I'm not to broken up about it. Our relationship was worse than a coldplay song.
you came downstairs saying you were now 'dressed to impress'
what was i wearing?
nothing
He said hes taking shrooms and watching jurassic park so we're making a t-rex costume
we need ur ladder
"lets watch the sunrise" turned into "lets have sex on the roof at six thirty in the morning"
I don't think my prof knows we've noticed her No Bra Fridays.
As I was climbing out of the pool he slapped my ass and said 'stay golden', i don't know why but it felt right.
It's only 10 in the morning...josh is already on the way to the ER for trying to shotgun a beer with a sparklers sticking out of it on fire.
Its the anniversary of our epic NBA All-star game weekend.
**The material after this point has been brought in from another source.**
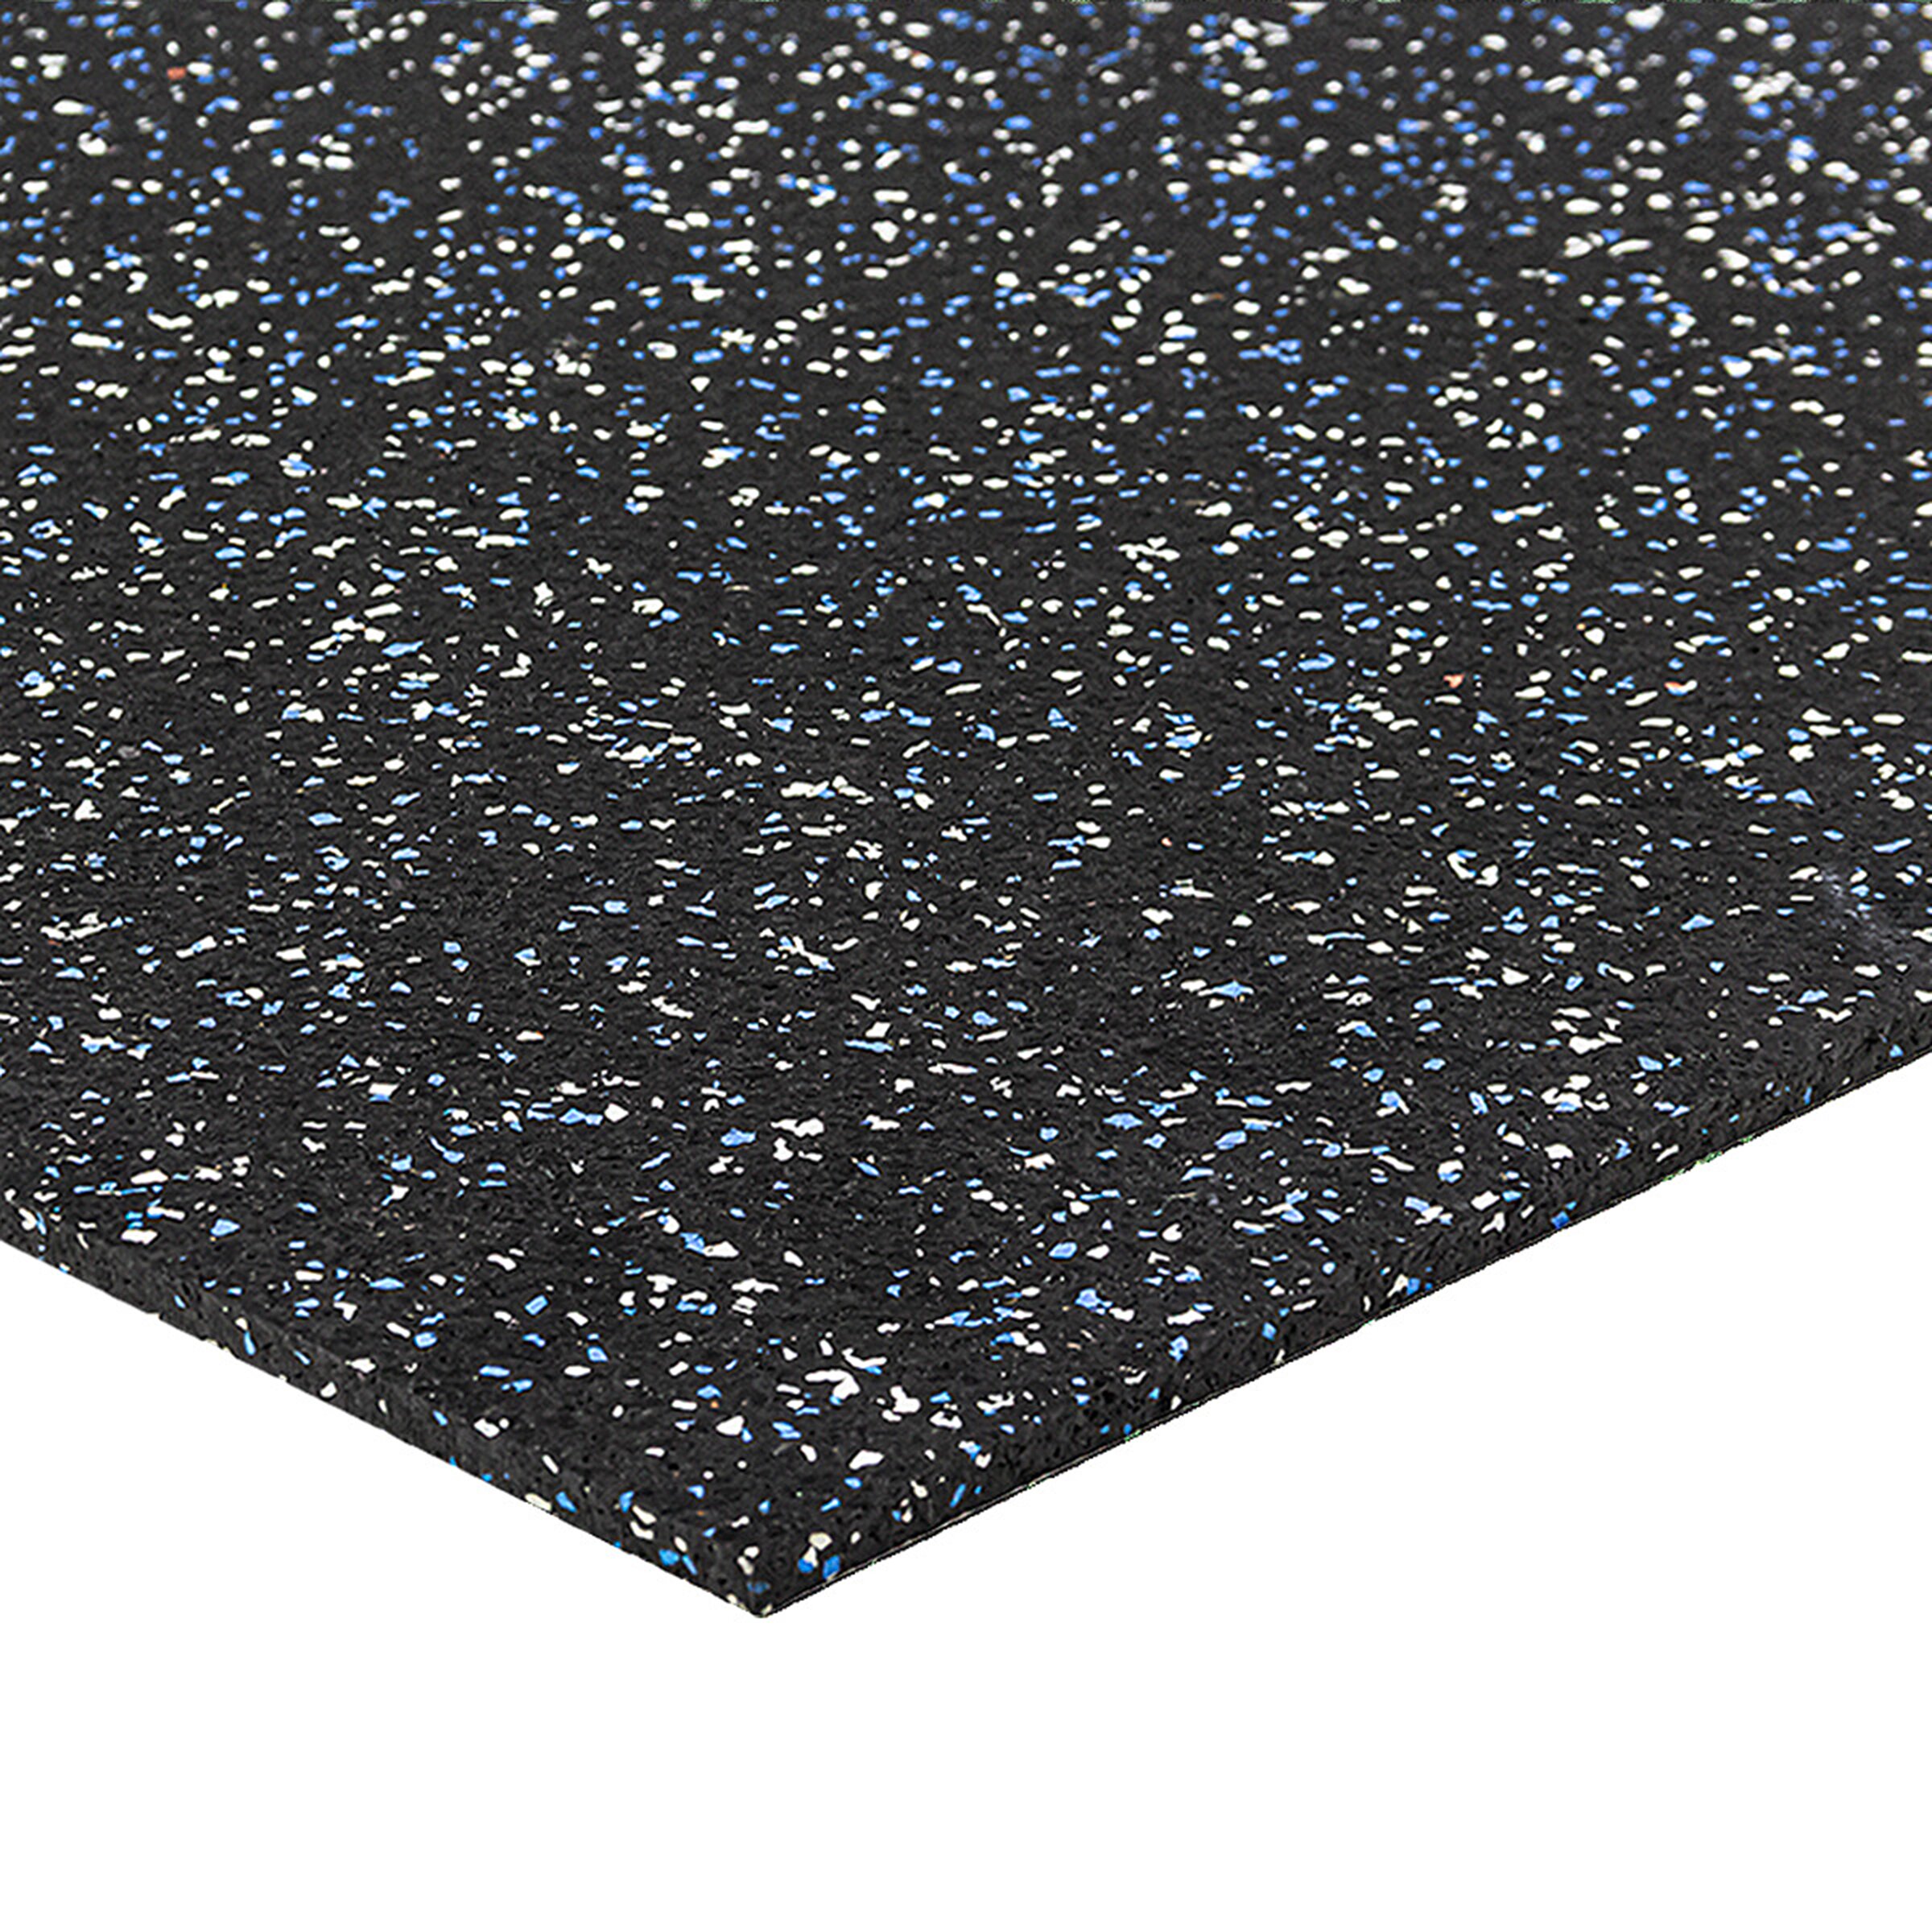 Čierno-bielo-modrá podlahová guma (puzzle - okraj) FLOMA FitFlo SF1050 - dĺžka 50 cm, šírka 50 cm, výška 0,8 cm

The night the two of us cashed a 30-pack while watching the dunk contest
It's his sex noise. "I'm gonna cu-THE LORD IS MY SHEPARD AND I SHALL NOT WANT"
Dude it was bad... like you fell asleep around the toilet after drinking from the back tank bad.
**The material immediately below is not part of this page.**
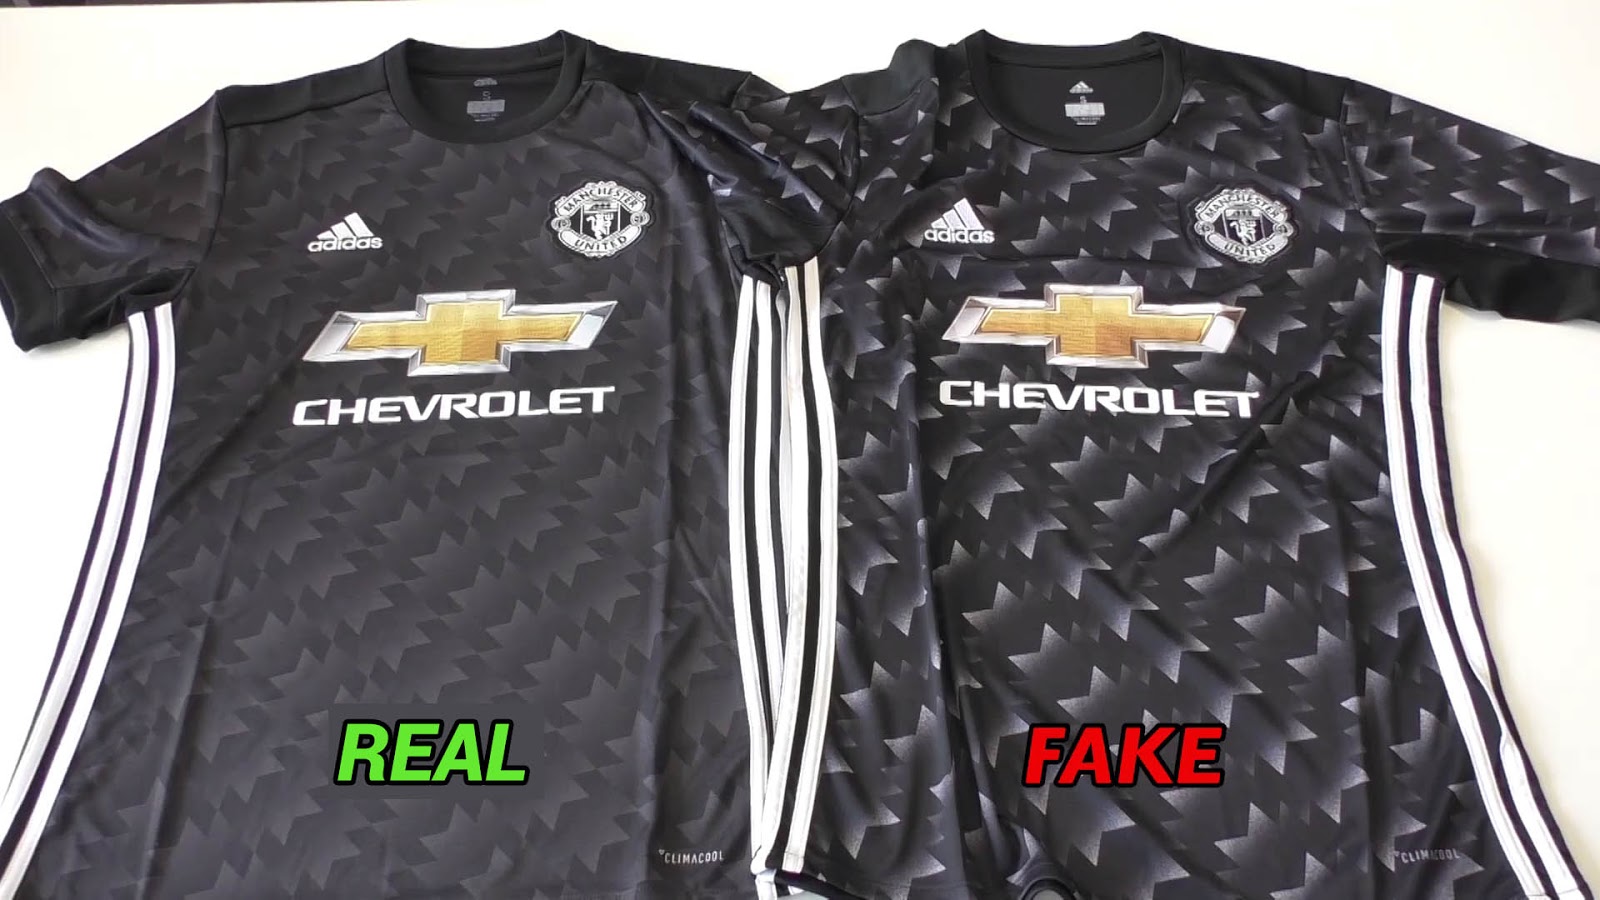 fake soccer shirts

He put chocks of wood in front of his doors to stop me from leaving. I'm not nearly drunk enough for that to be appropriate behaviour.
I'm seeing double so when I get home can we have a threesome?
My wife managed to convince me to not drink everclear by threatening to ban me from her vagina
Some how my underwear was hanging from the antlers of a antelope head on the wall of the hotel........
Dude you were so wasted you thought a fake electric candle was real and tried to light your cig with it. Multiple times.